There is so much to botch. So much already botched.

If you know me, you know I have failed my daughter in a thousand different ways, and that the generic absolution “All moms fall short” doesn’t soothe me, doesn’t rectify all of my shortcomings. We adoptive moms carry around ever-present measuring sticks, and we become experts at flogging ourselves with them.

But, thankfully, last night, I measured up. In the car on the way home, we pulled into Krystal’s, and I asked April how I did. “Oh, you were good, Mom—I’d give you a 9 at least. You didn’t yell or anything.”

We got home at 1:15 AM, and I watched her eat, then text all her concerned friends, assuring them she was feeling much better. I followed her to her bedroom, checked, then double-checked to make sure she was okay and needed nothing—“How many times do I have to tell you I’m fine now?” was her final grumble of the night, followed by a murmured, “Love.”
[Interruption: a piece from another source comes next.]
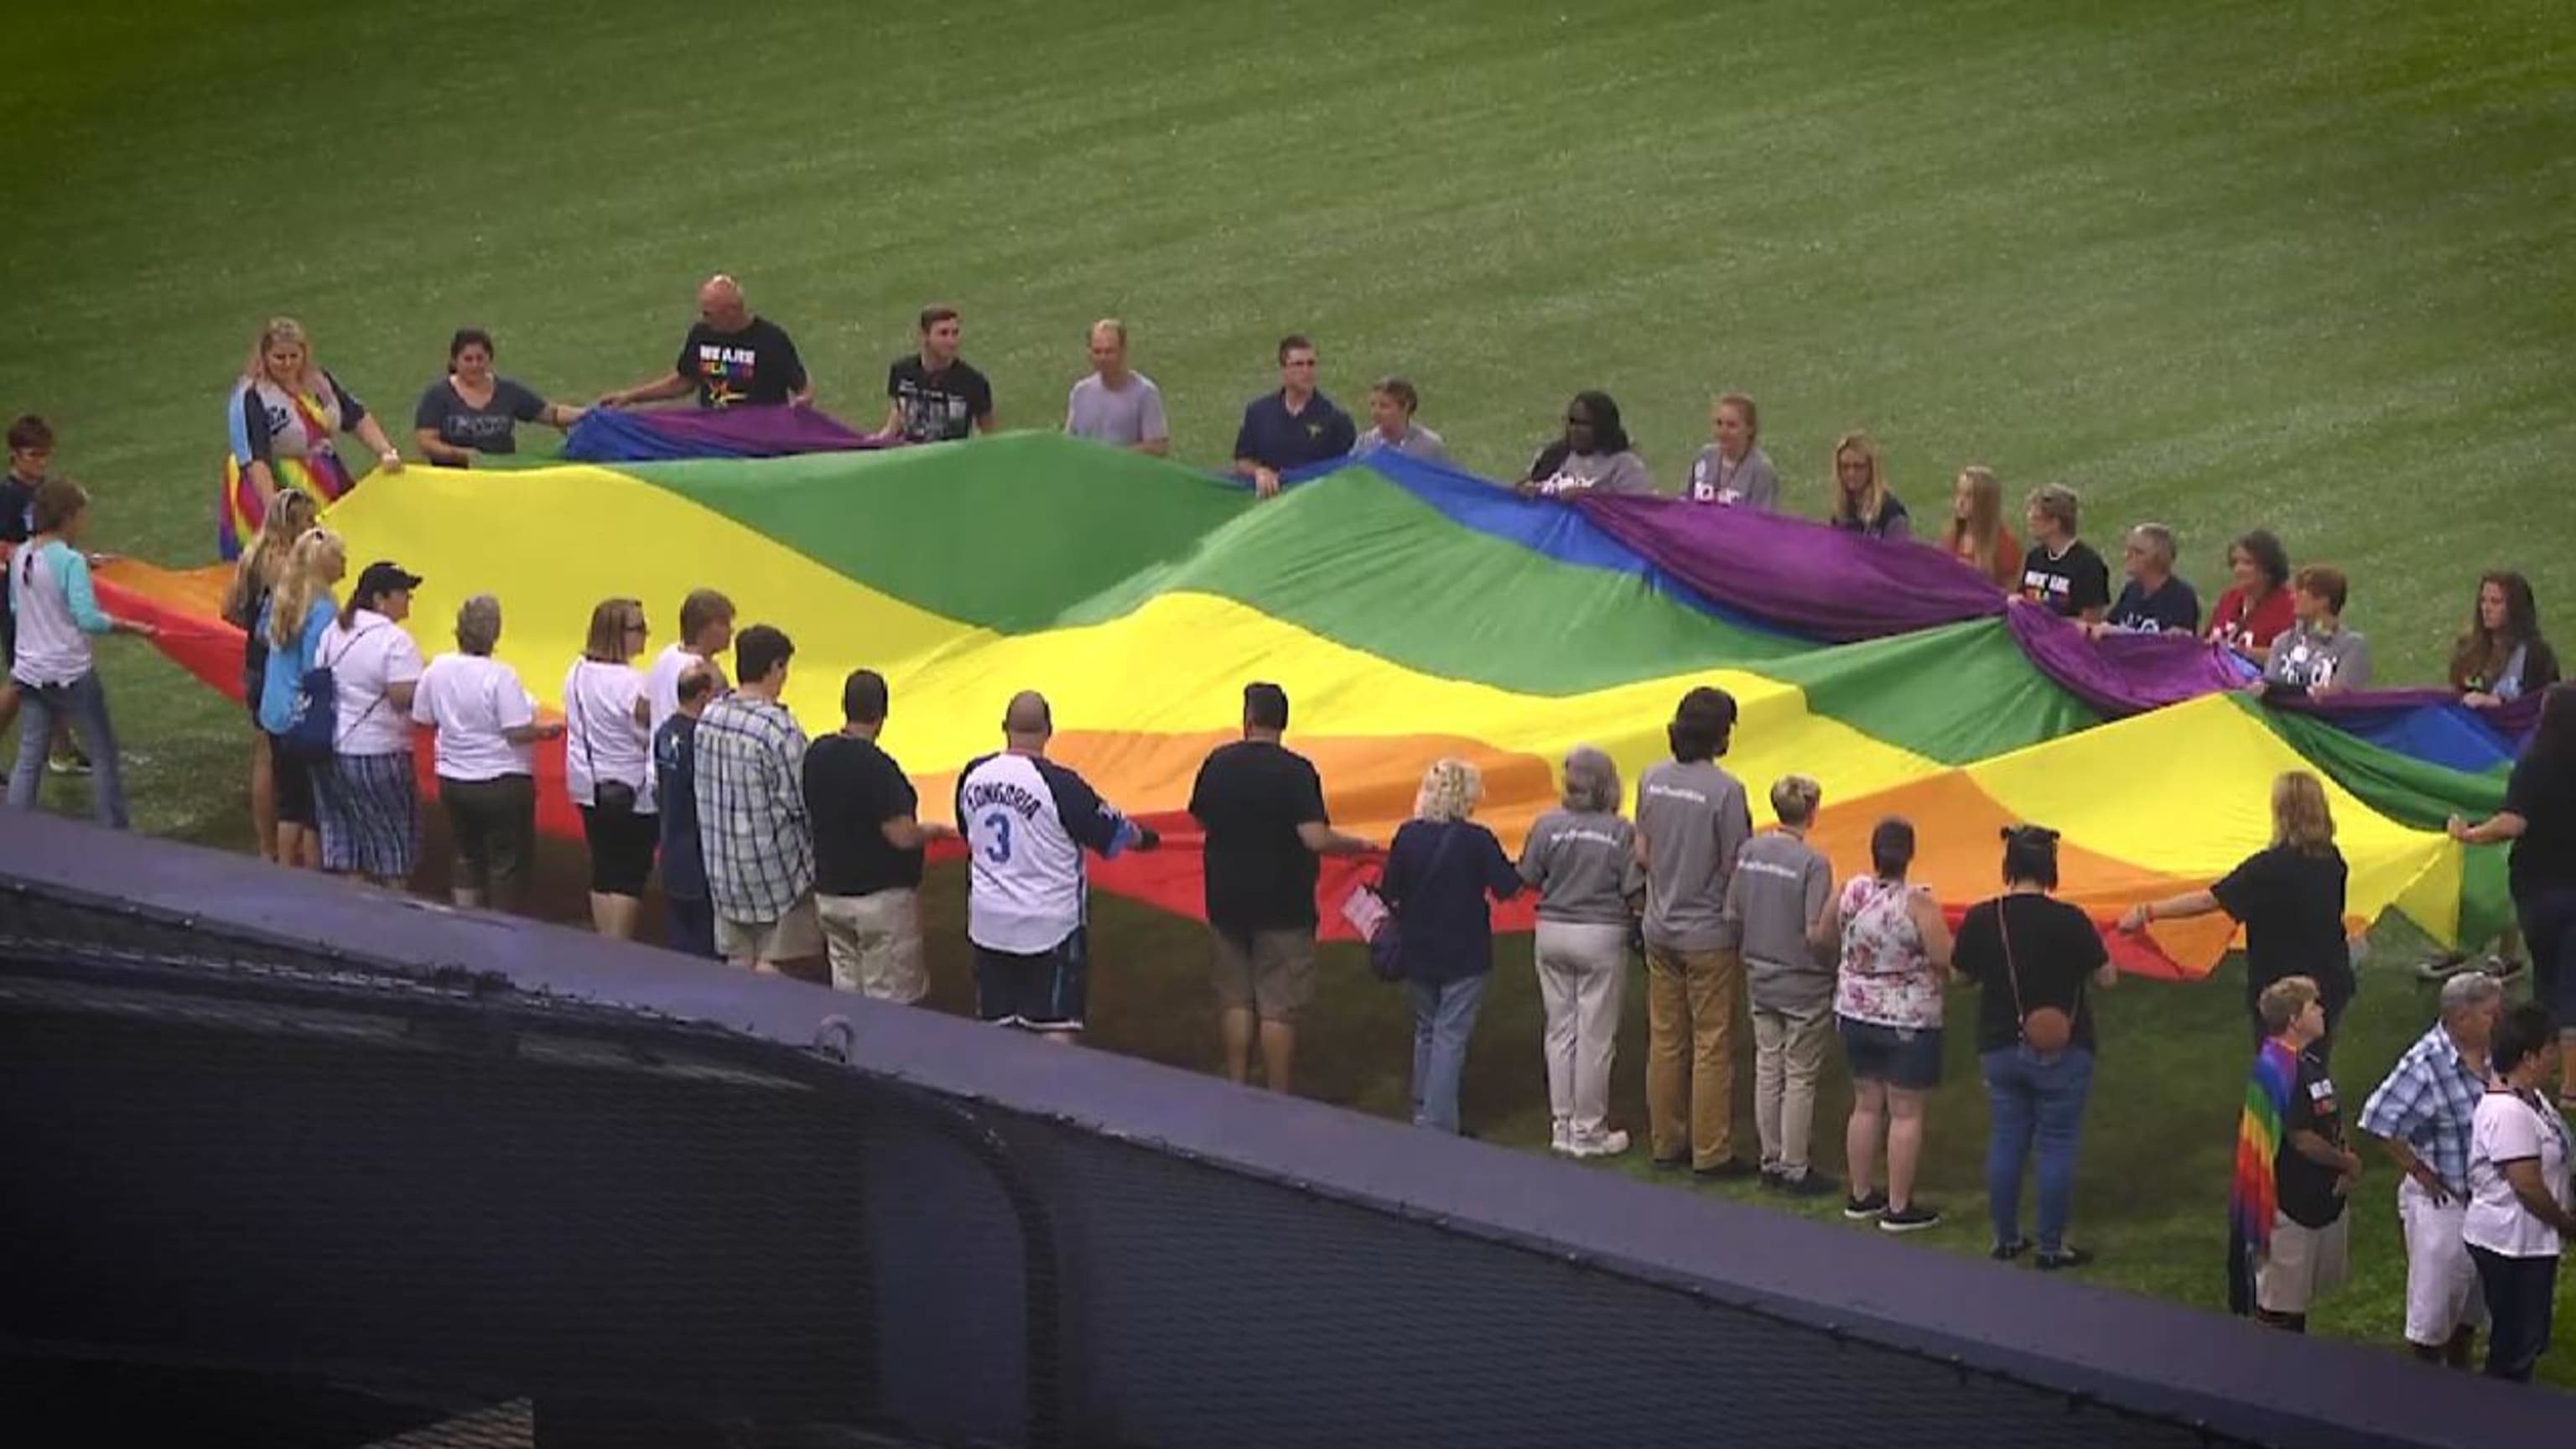 2SLGBTQ+: MLB Pride Nights show what has, hasn't changed

Susan, of course, was gone by then—she’d left in the parking lot, the moment that April said, “Can we go to Krystal’s? I’m starved!” She trusts me with the day-to-day. But, on the important days, she is there—front and center, her New York accent directing most of my steps.

Tomorrow, she will call here, I’m sure. Because on January 28, 1994, she gave birth to our daughter in a hospital in Hudson, New York. And tomorrow, she’ll talk to our girl, and she’ll tell April all the things that I will never know—how she cried, what she wore, who came to see her. She will tell April their hospital story–the most important one of all—and the reason I must get all of mine right.